(Raw data Opens)

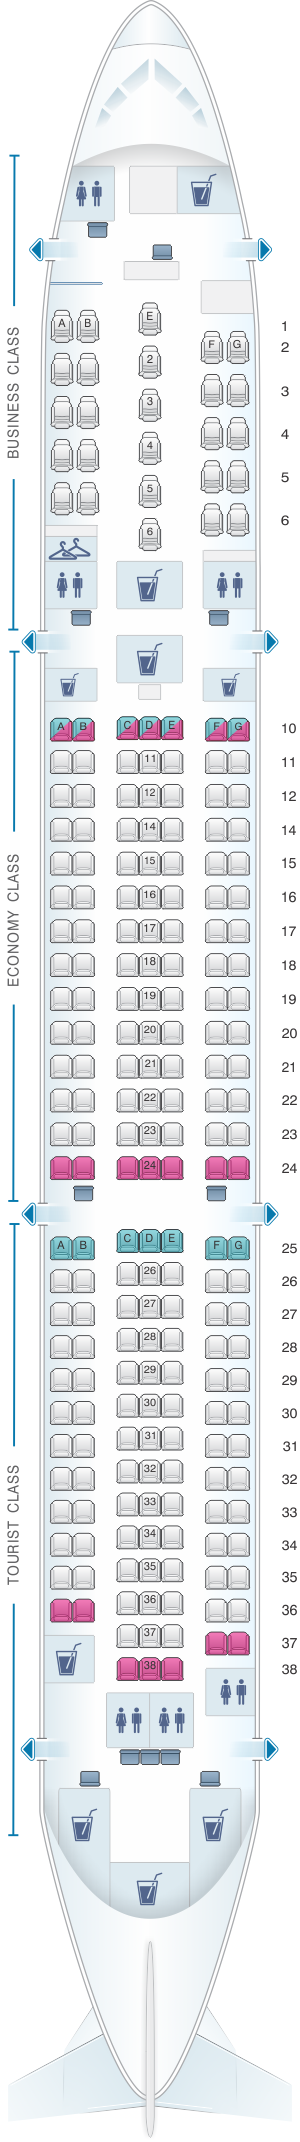 Seat map for Transaero Airlines Boeing B767 300 Config. 2
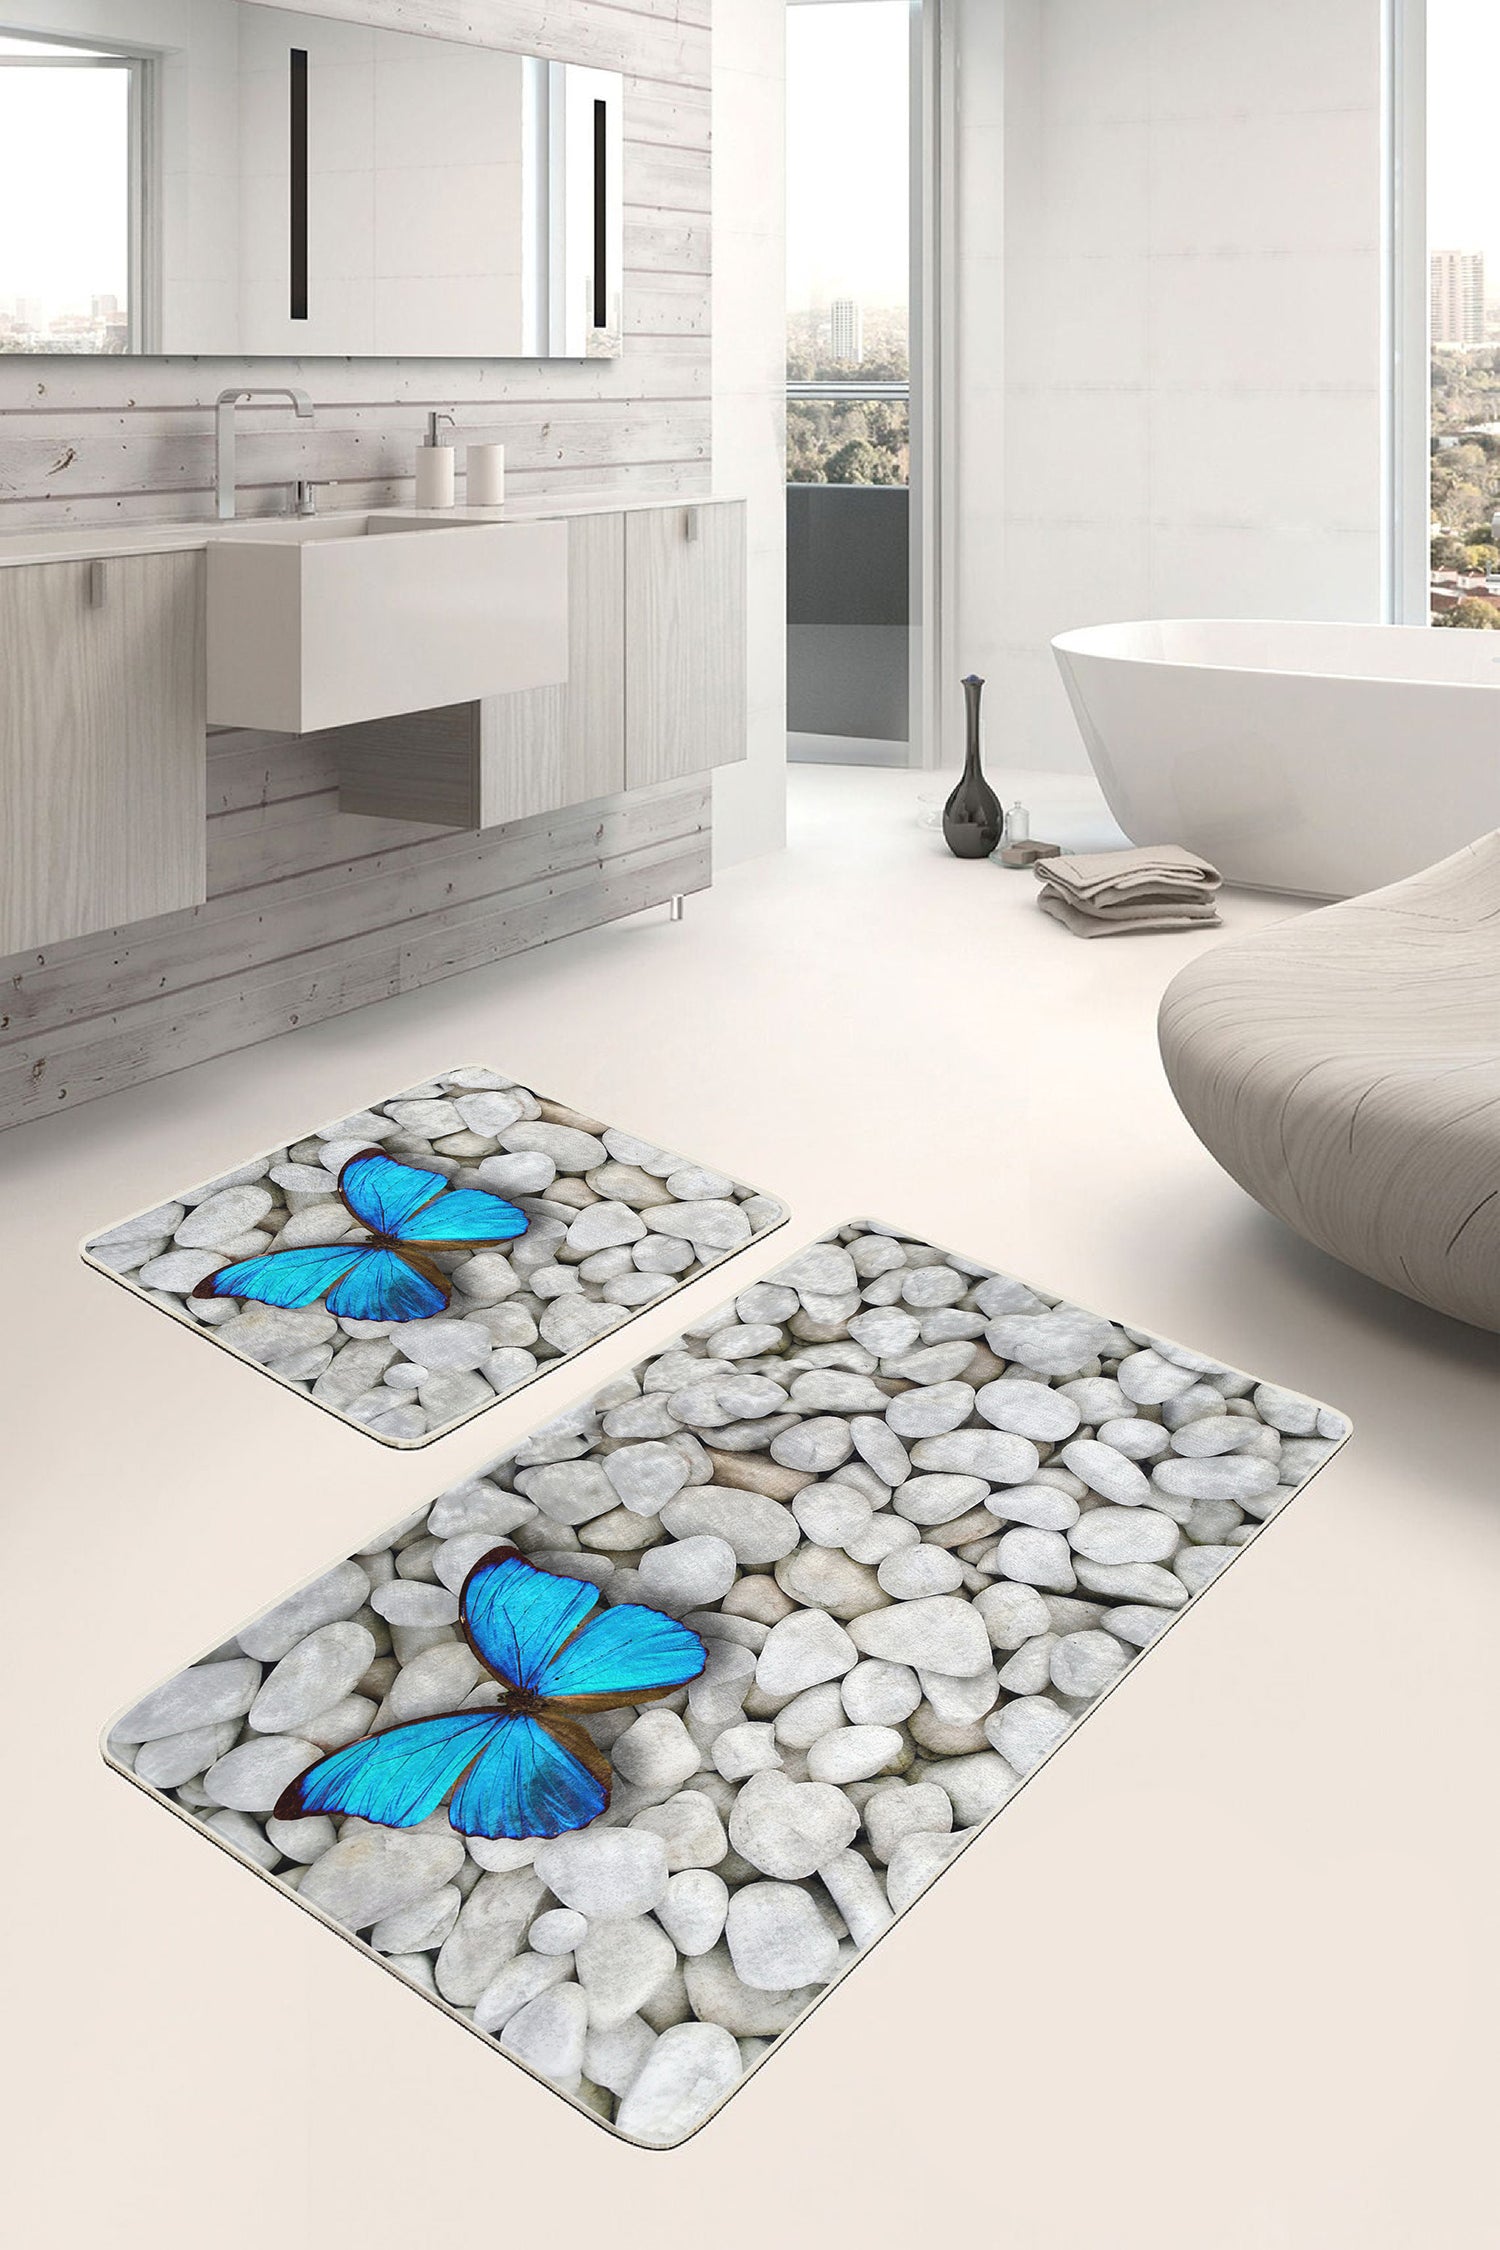 Chic and Inviting Mat with Blue Butterflies for a Trendy Bathroom
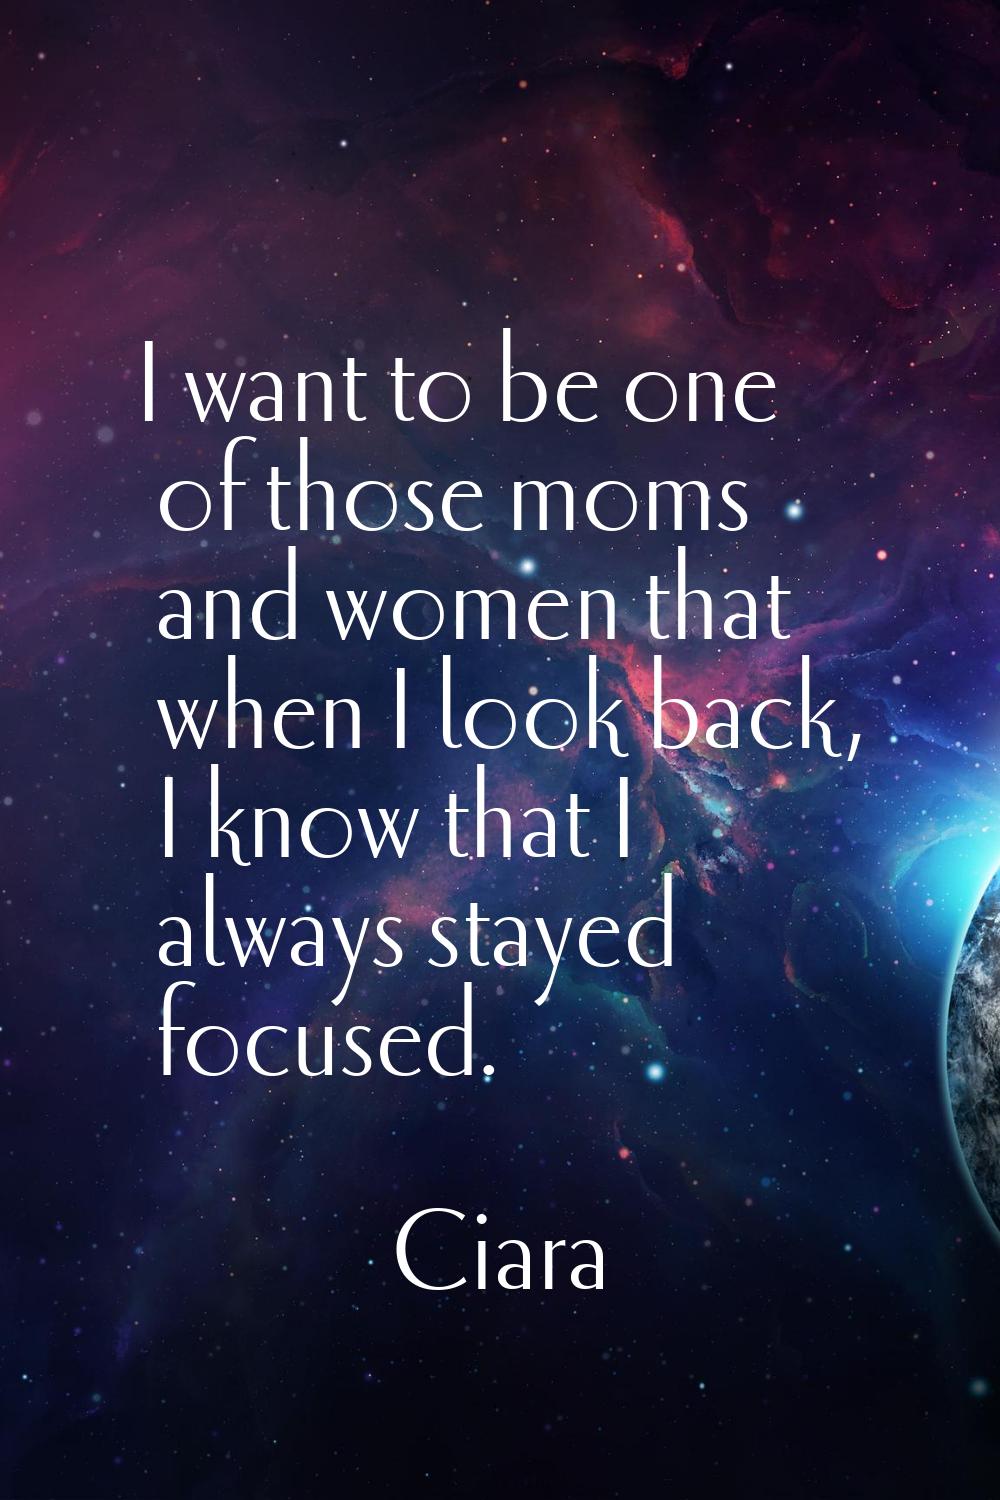 I want to be one of those moms and women that when I look back, I know that I always stayed focused

(Raw data Closes)

- What you are asked to do: Without including any picture, reproduce all of the material exactly.

- Answer to the exercise:
 Seat map for Transaero Airlines Boeing B767 300 Config. 2
 Chic and Inviting Mat with Blue Butterflies for a Trendy Bathroom
 I want to be one of those moms and women that when I look back, I know that I always stayed focused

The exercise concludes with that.